• **Directions for this task**:
Would you repeat the listing exactly but omit every picture?

• **Source data**:
-=-=-
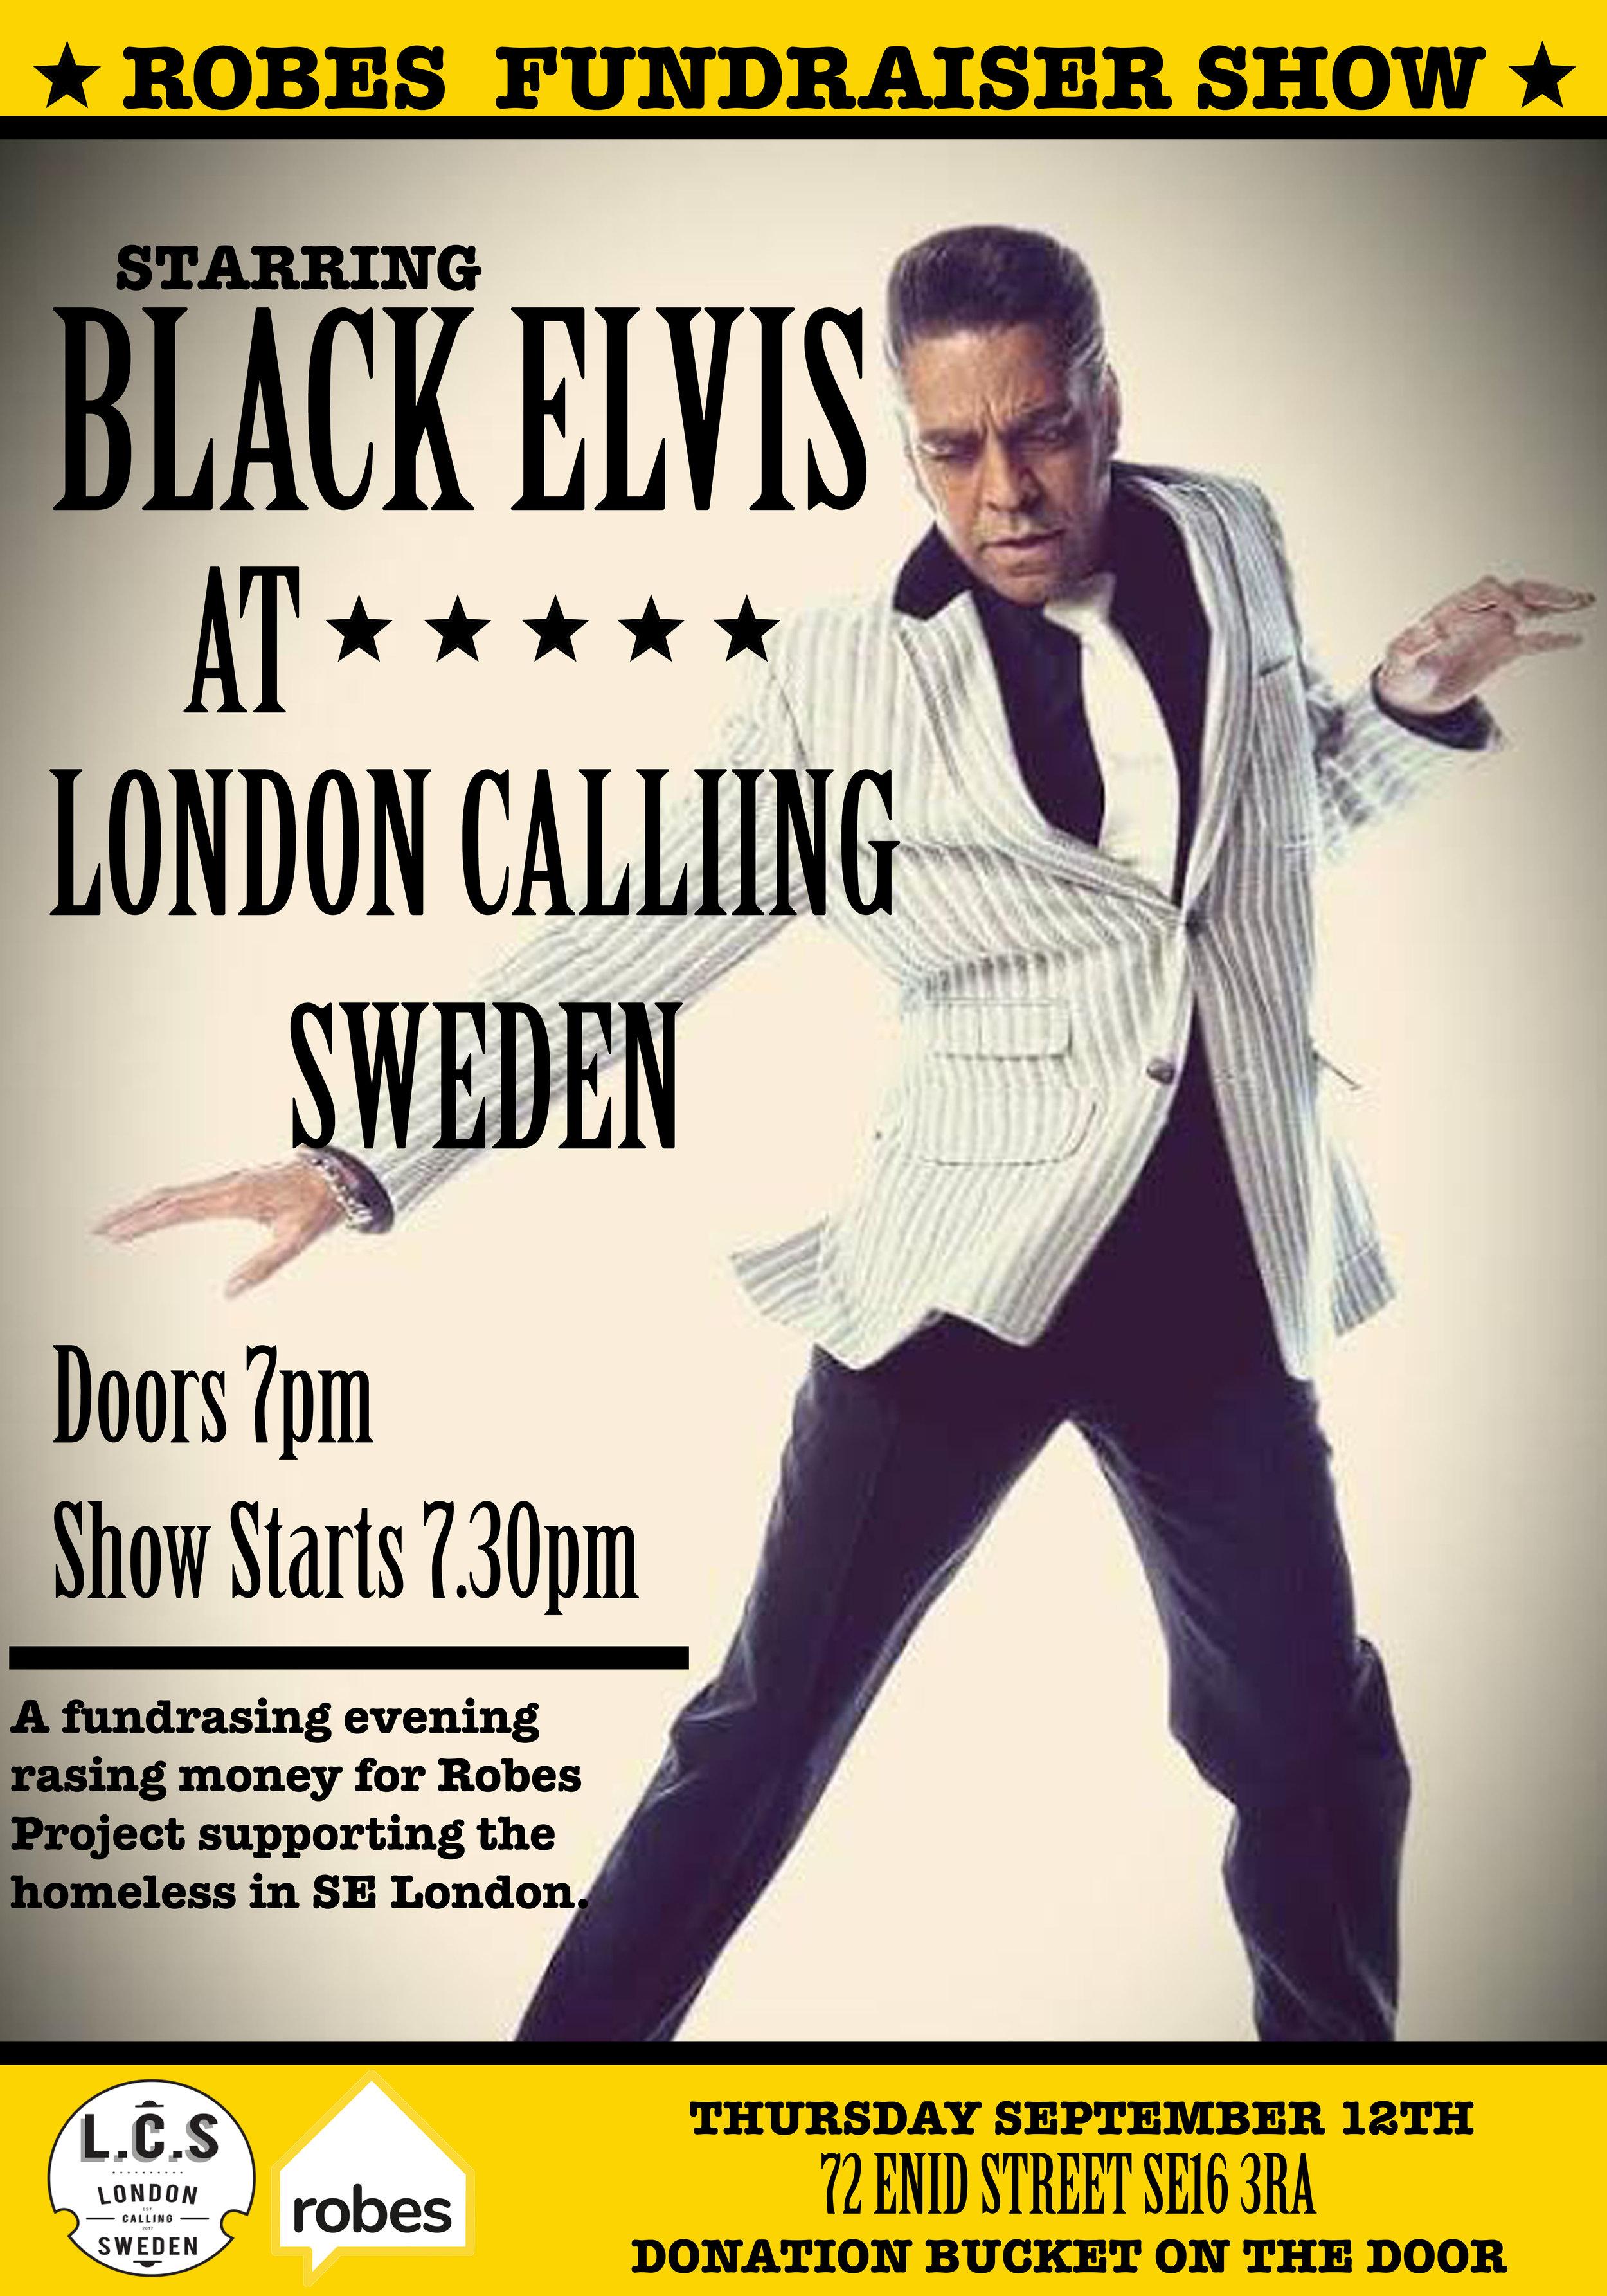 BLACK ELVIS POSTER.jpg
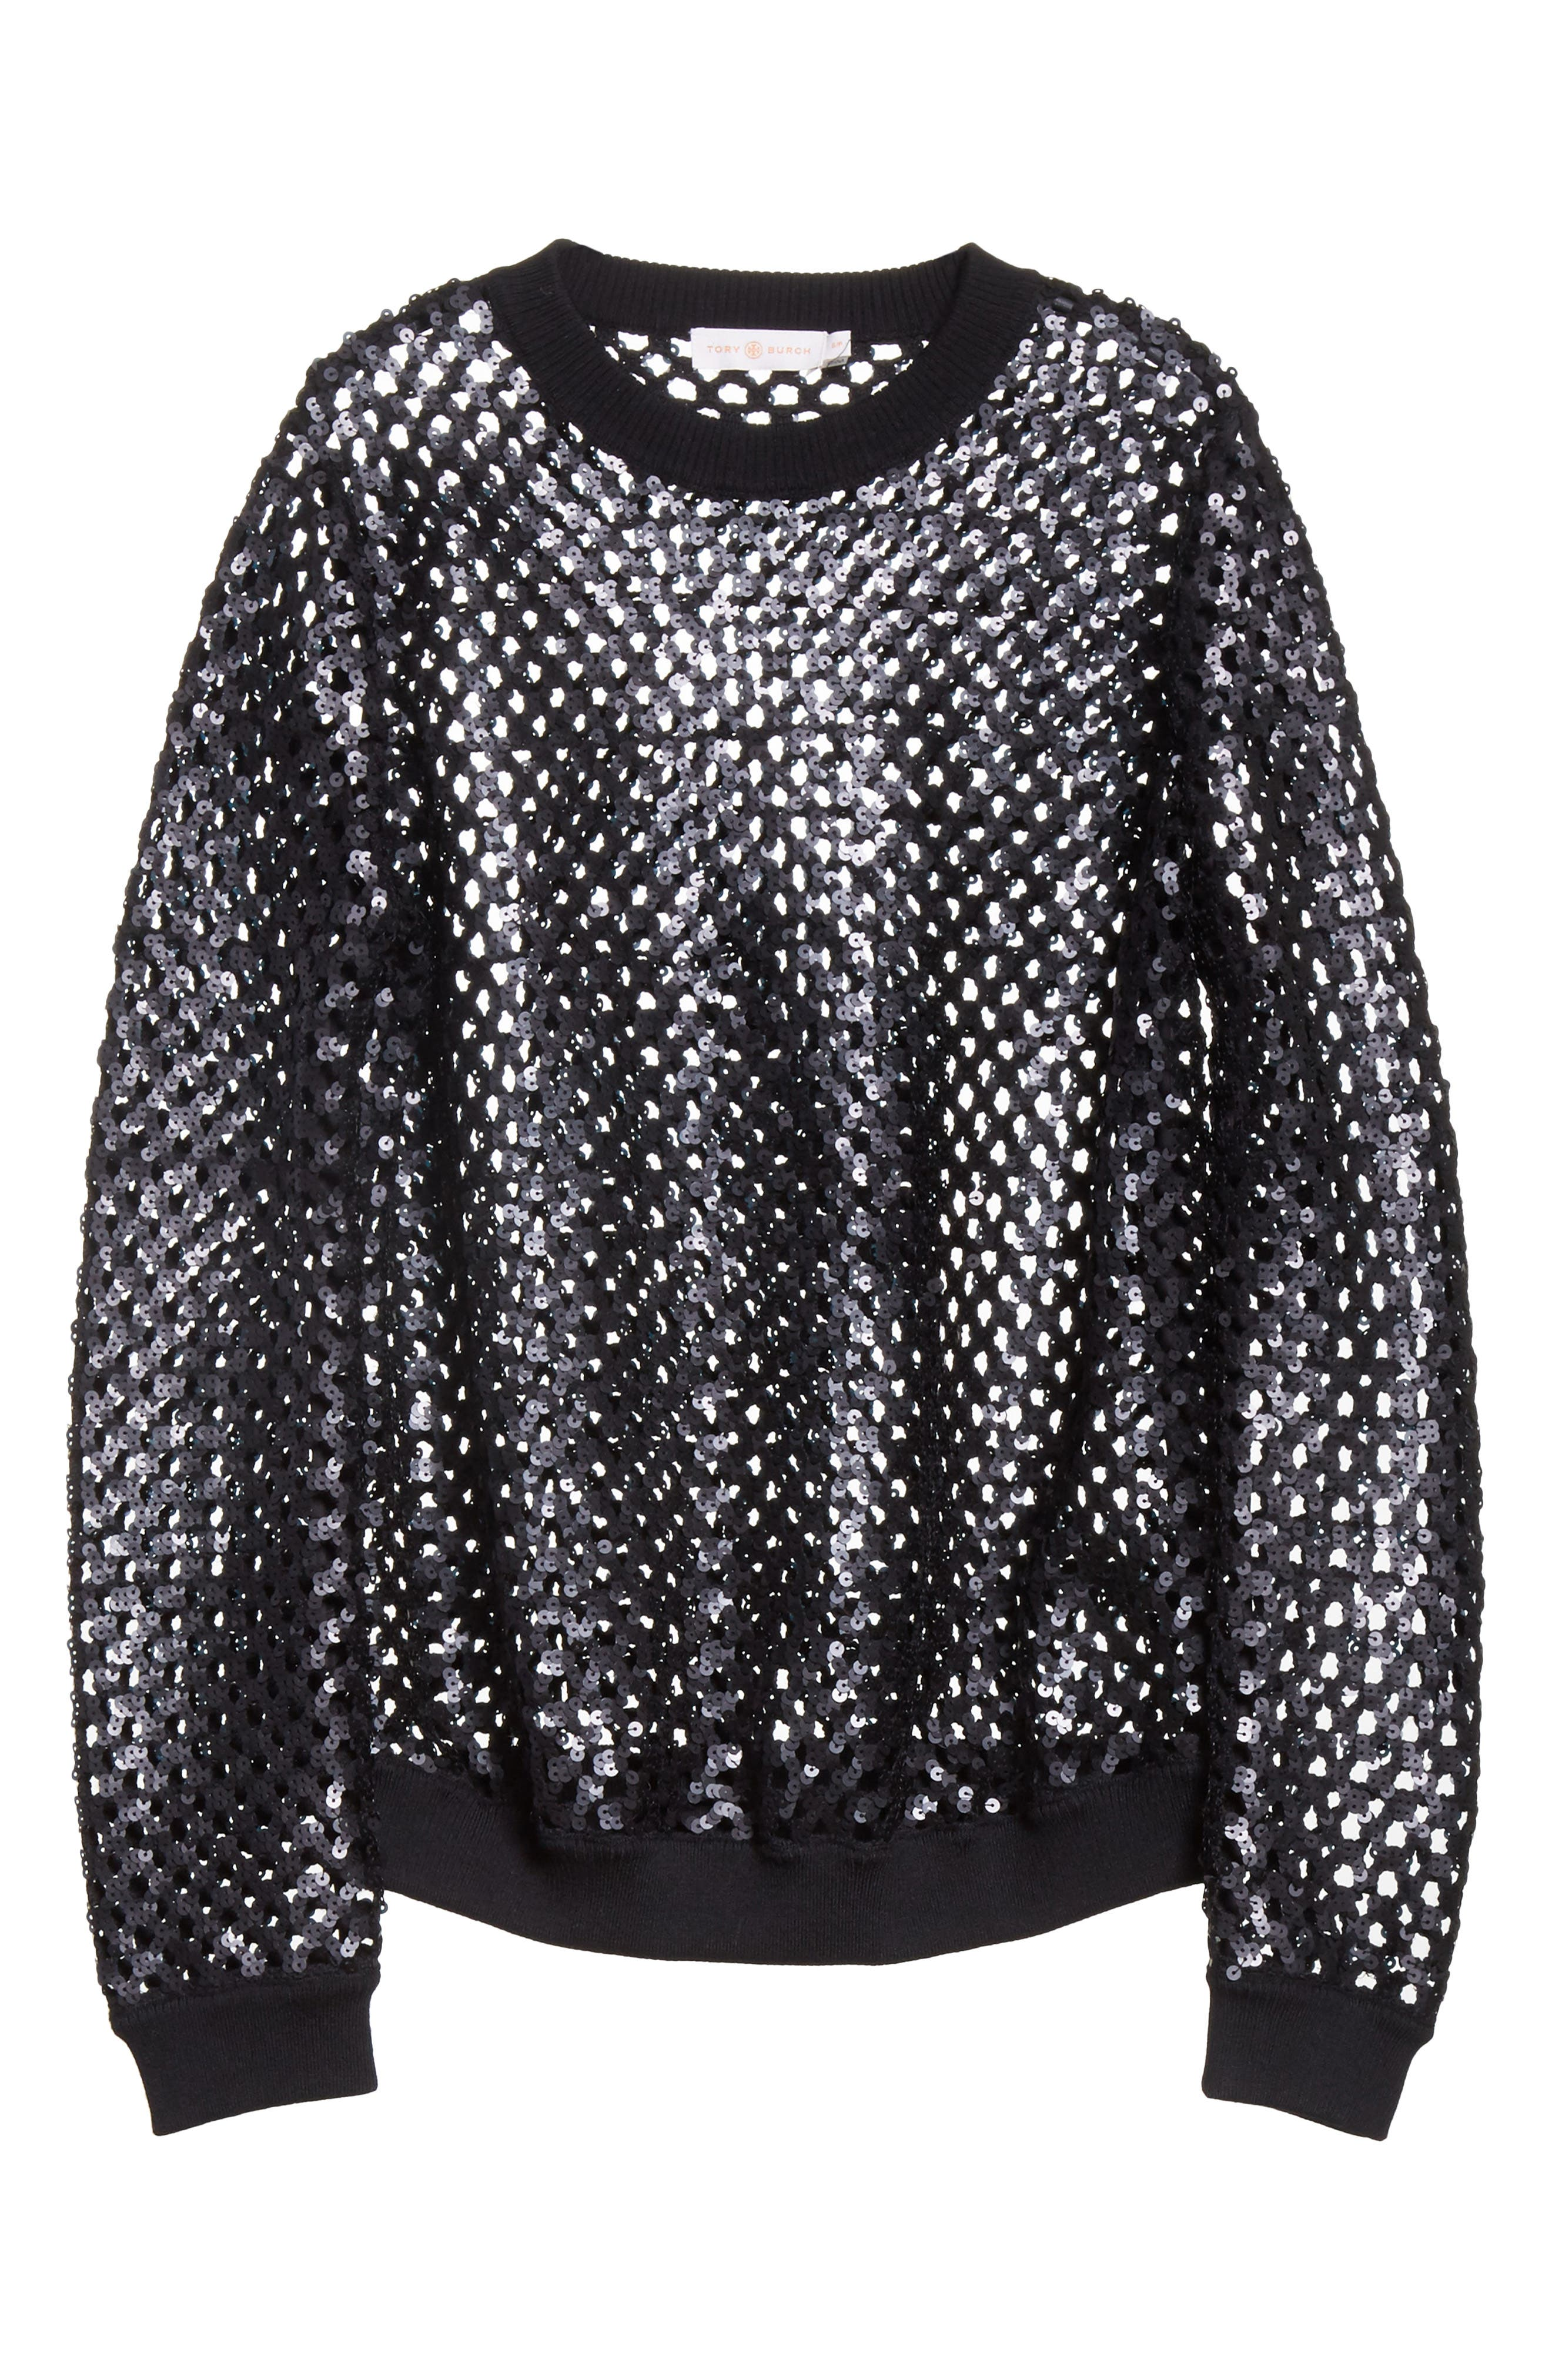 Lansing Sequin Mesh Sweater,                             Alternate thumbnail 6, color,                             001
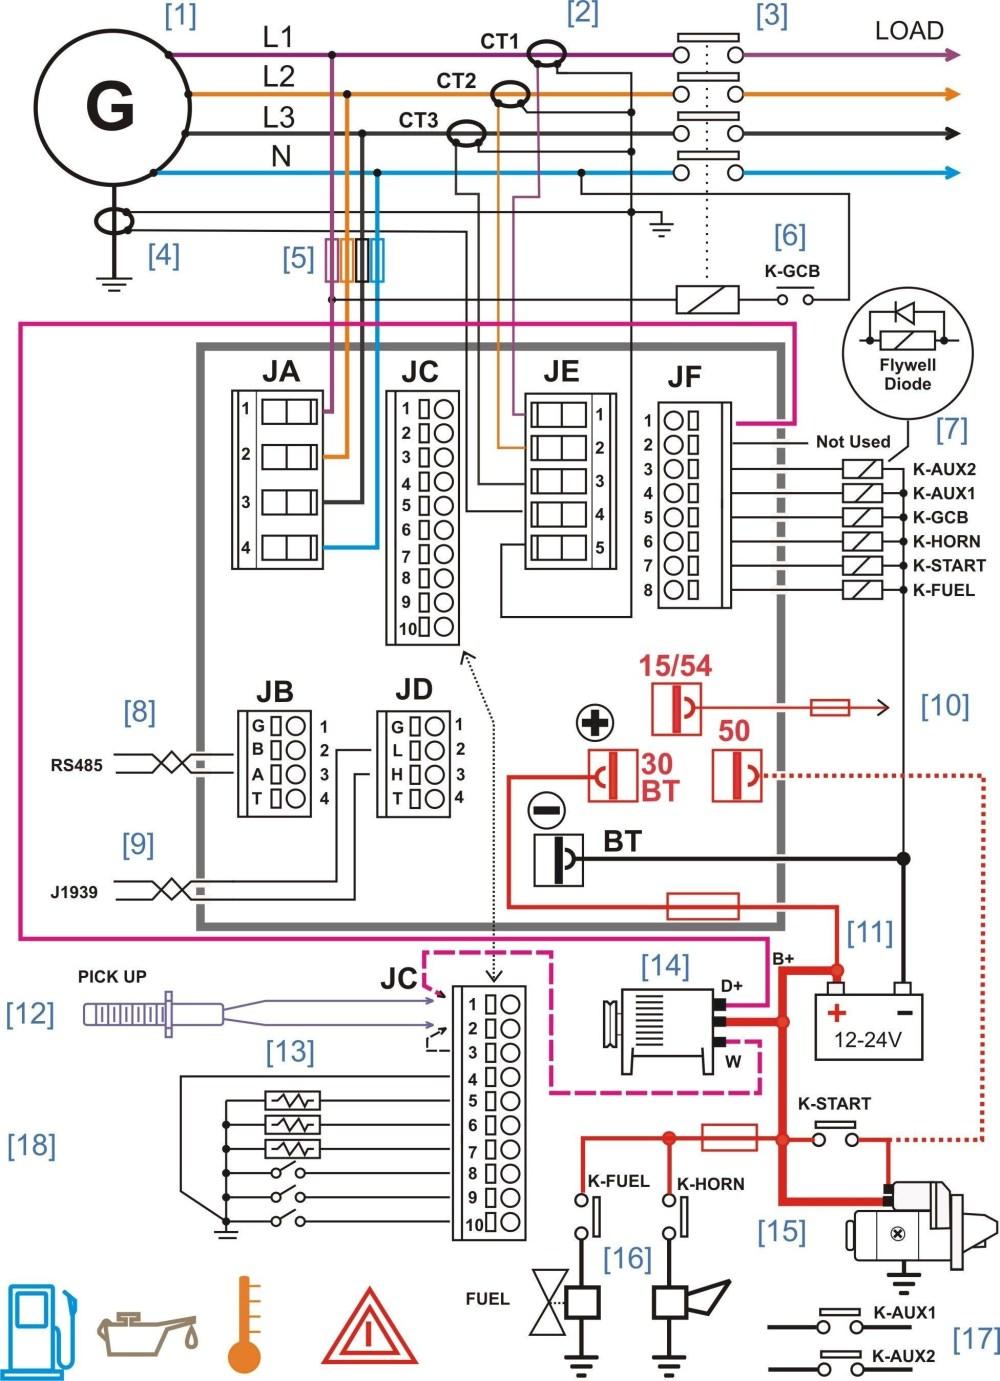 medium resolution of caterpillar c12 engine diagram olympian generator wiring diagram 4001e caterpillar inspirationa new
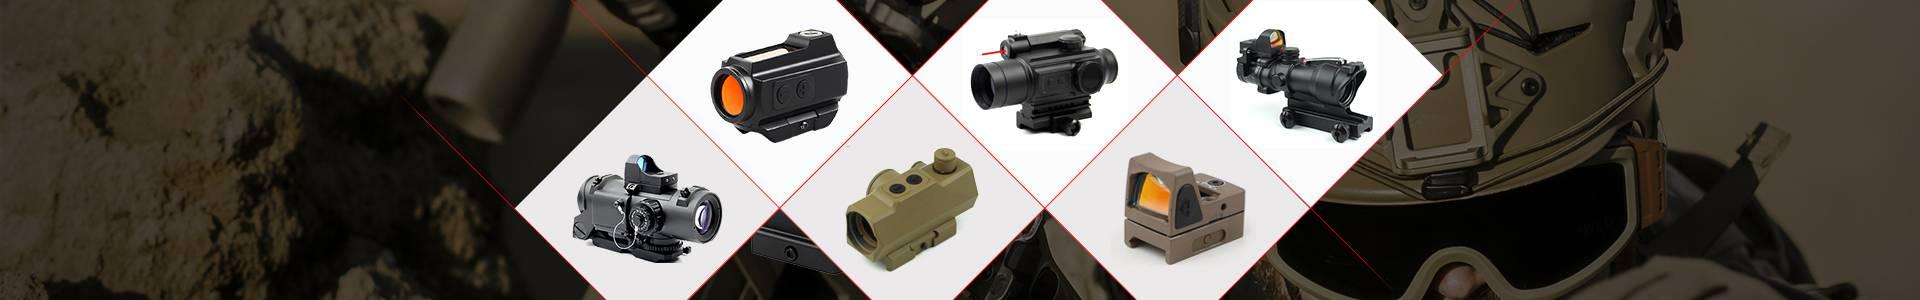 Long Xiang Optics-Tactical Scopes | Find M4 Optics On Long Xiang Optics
-=-=-
• **Answer below**:
 BLACK ELVIS POSTER.jpg
 Lansing Sequin Mesh Sweater,                             Alternate thumbnail 6, color,                             001
 medium resolution of caterpillar c12 engine diagram olympian generator wiring diagram 4001e caterpillar inspirationa new
 Long Xiang Optics-Tactical Scopes | Find M4 Optics On Long Xiang Optics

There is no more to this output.